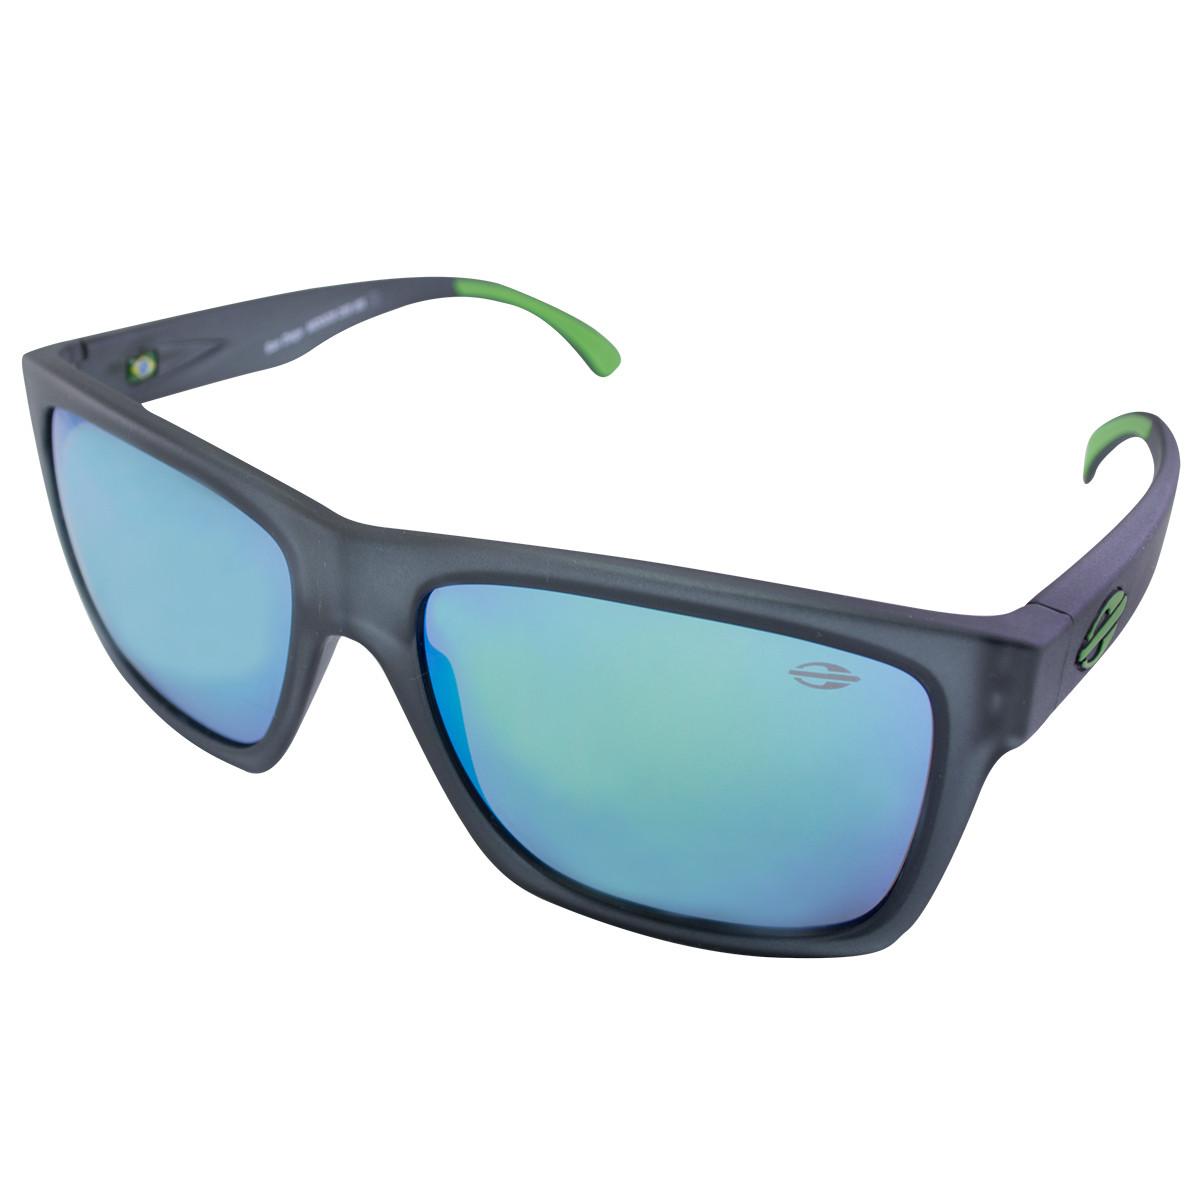 Óculos Mormaii San Diego Chumbo Fosco  Lente Verde Espelhada ref ... e993832f34
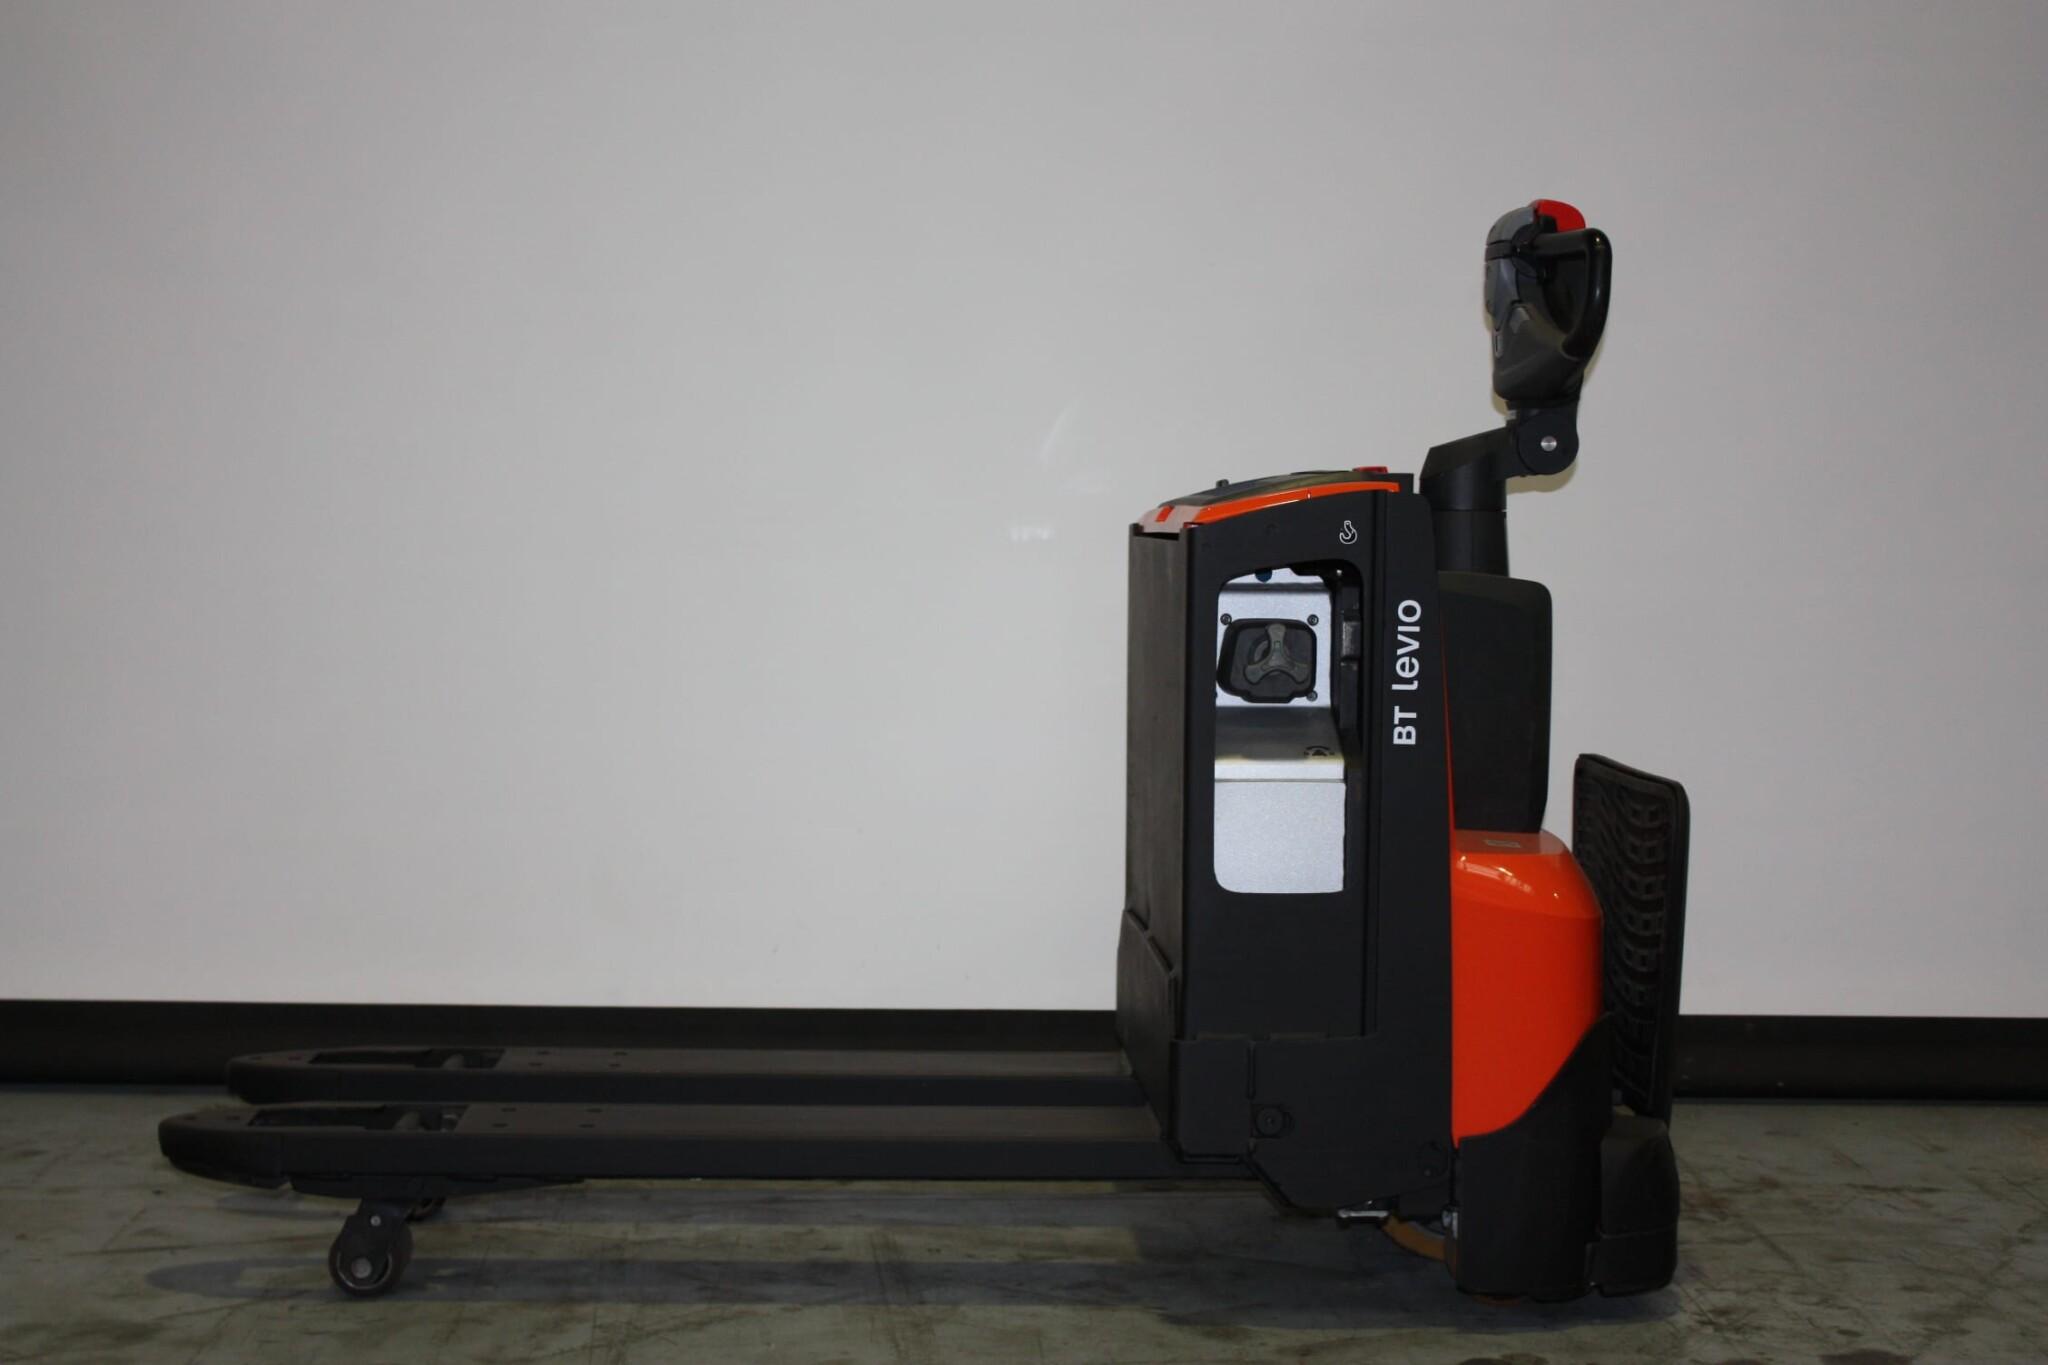 Toyota-Gabelstapler-59840 1802032518 1 23
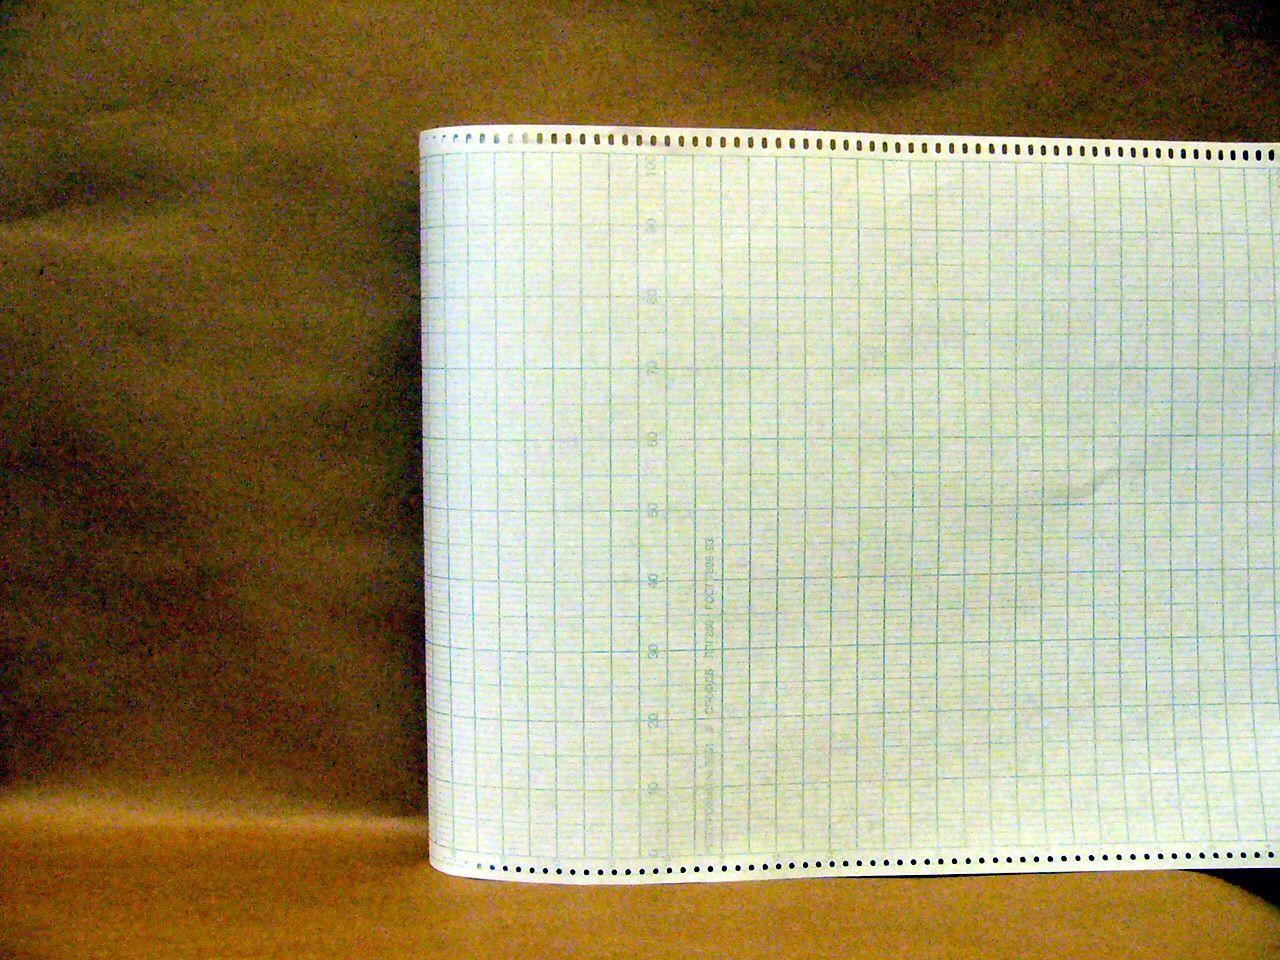 Диаграммная рулонная лента, реестровый № 3561
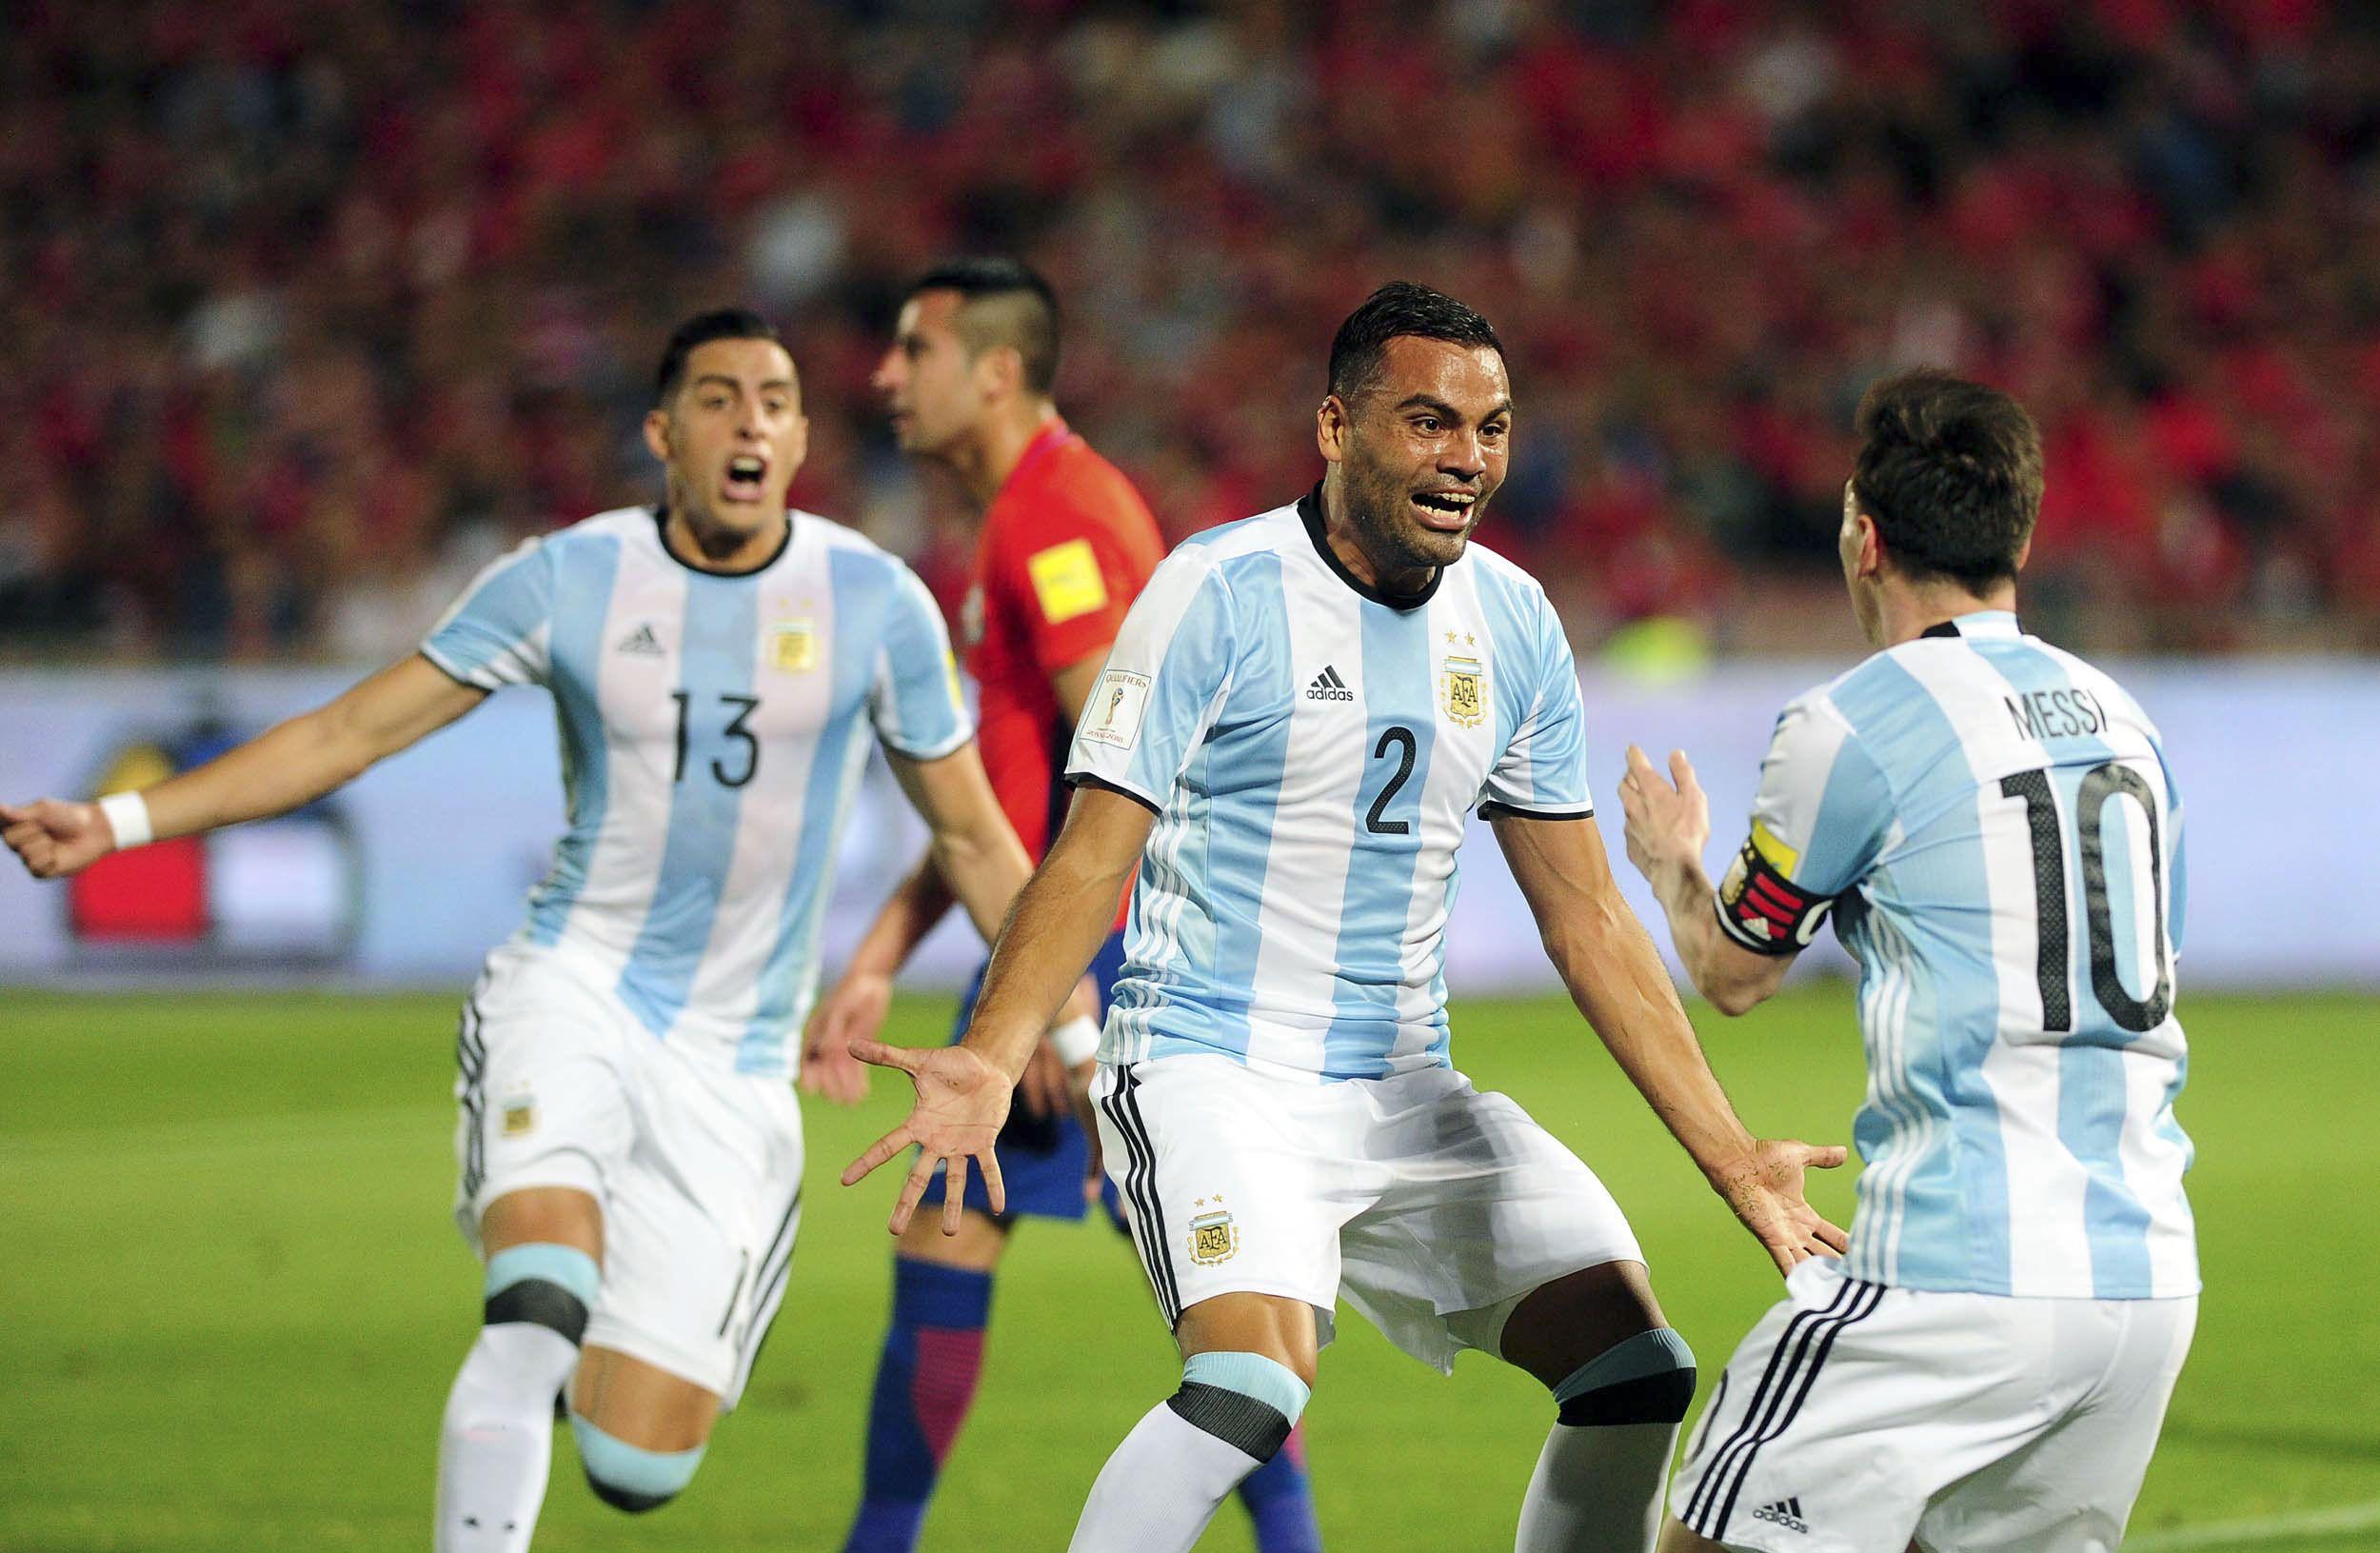 Después de cuatro meses, Argentina recuperó la punta en el ranking FIFA
= = = = =
--- The task ---
Leave out the images and copy all remaining data word for word.

--- Reply to the exercise ---
 Óculos Mormaii San Diego Chumbo Fosco  Lente Verde Espelhada ref ... e993832f34
 Toyota-Gabelstapler-59840 1802032518 1 23
 Диаграммная рулонная лента, реестровый № 3561
 Después de cuatro meses, Argentina recuperó la punta en el ranking FIFA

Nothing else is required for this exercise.